* DIRECTIONS FOR THIS TASK *
Leave every picture out. Set down all the lines below exactly.

* DATASET EXCERPT *
________

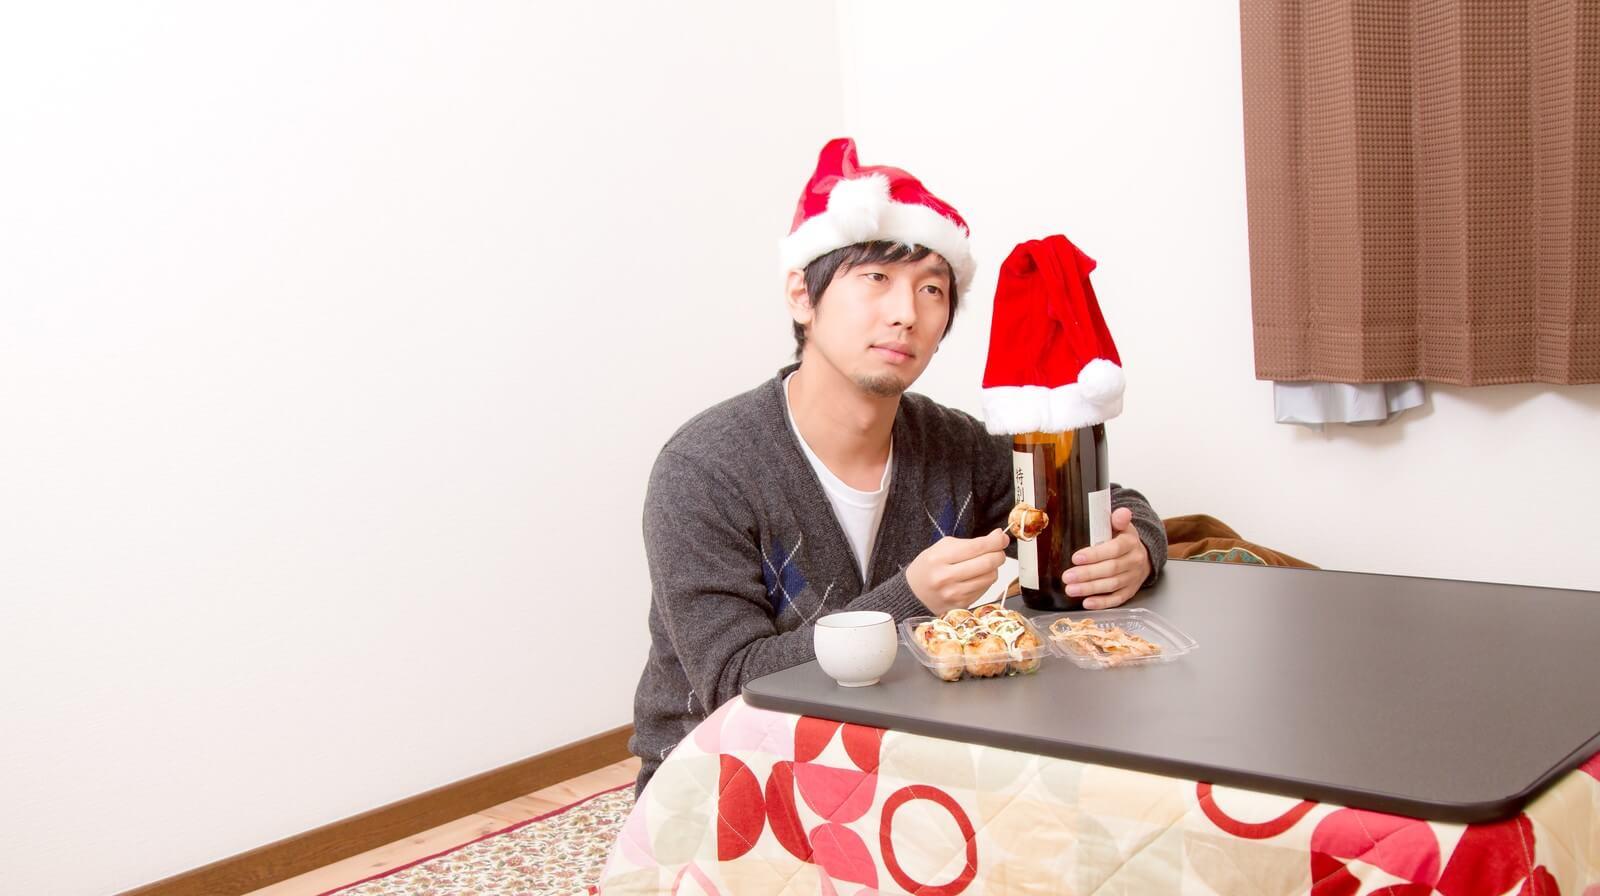 ぼっちクリスマスの人に朗報です。すぐにプレゼントをあげる相手が見つかりますよ
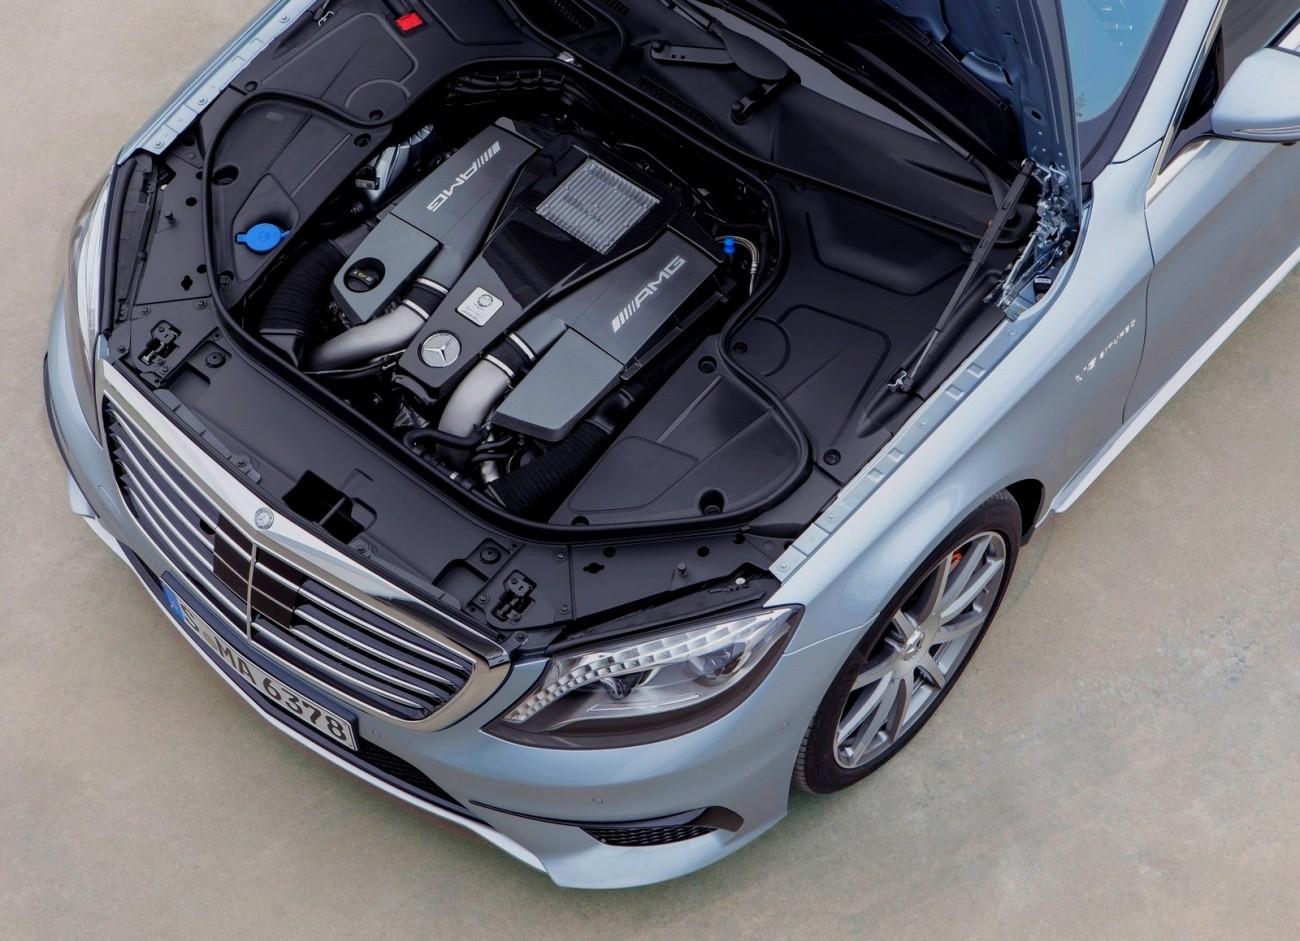 Mercedes-Benz S63 AMG 2014 moteur V8 5
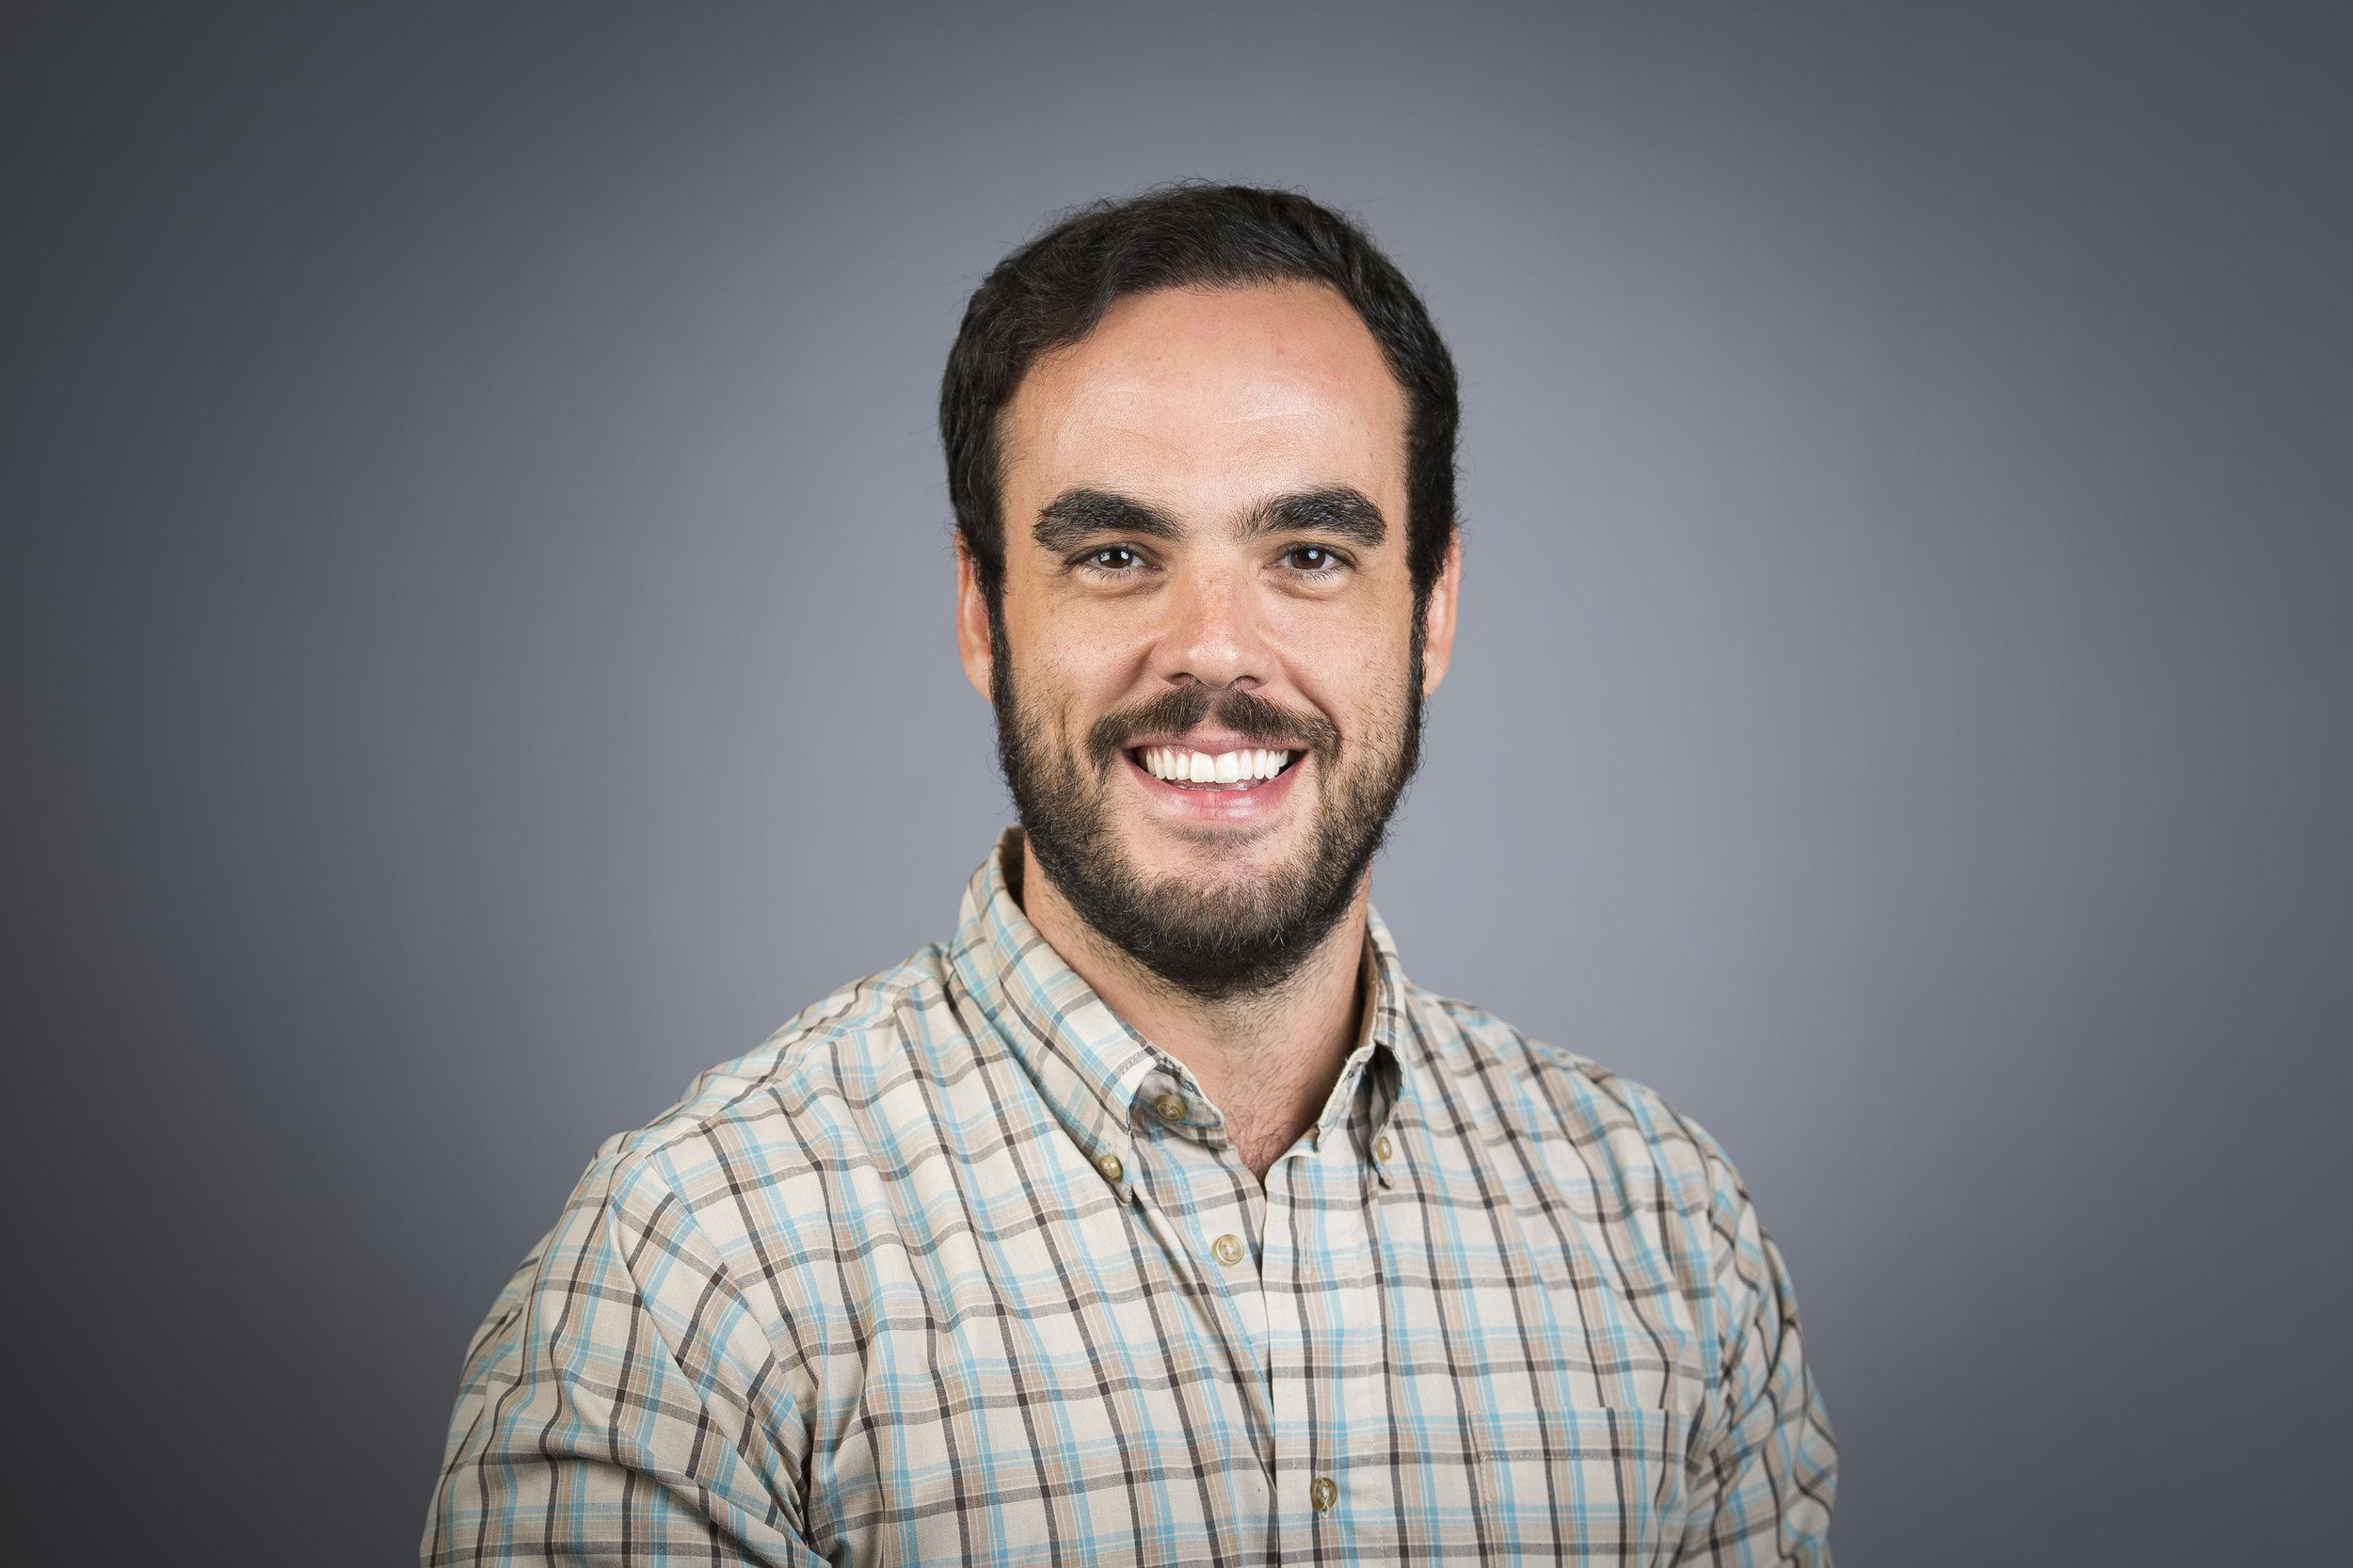 Eduardo Cotilla-Sanchez, PhD

________

* OUTPUT *
 ぼっちクリスマスの人に朗報です。すぐにプレゼントをあげる相手が見つかりますよ
 Mercedes-Benz S63 AMG 2014 moteur V8 5
 Eduardo Cotilla-Sanchez, PhD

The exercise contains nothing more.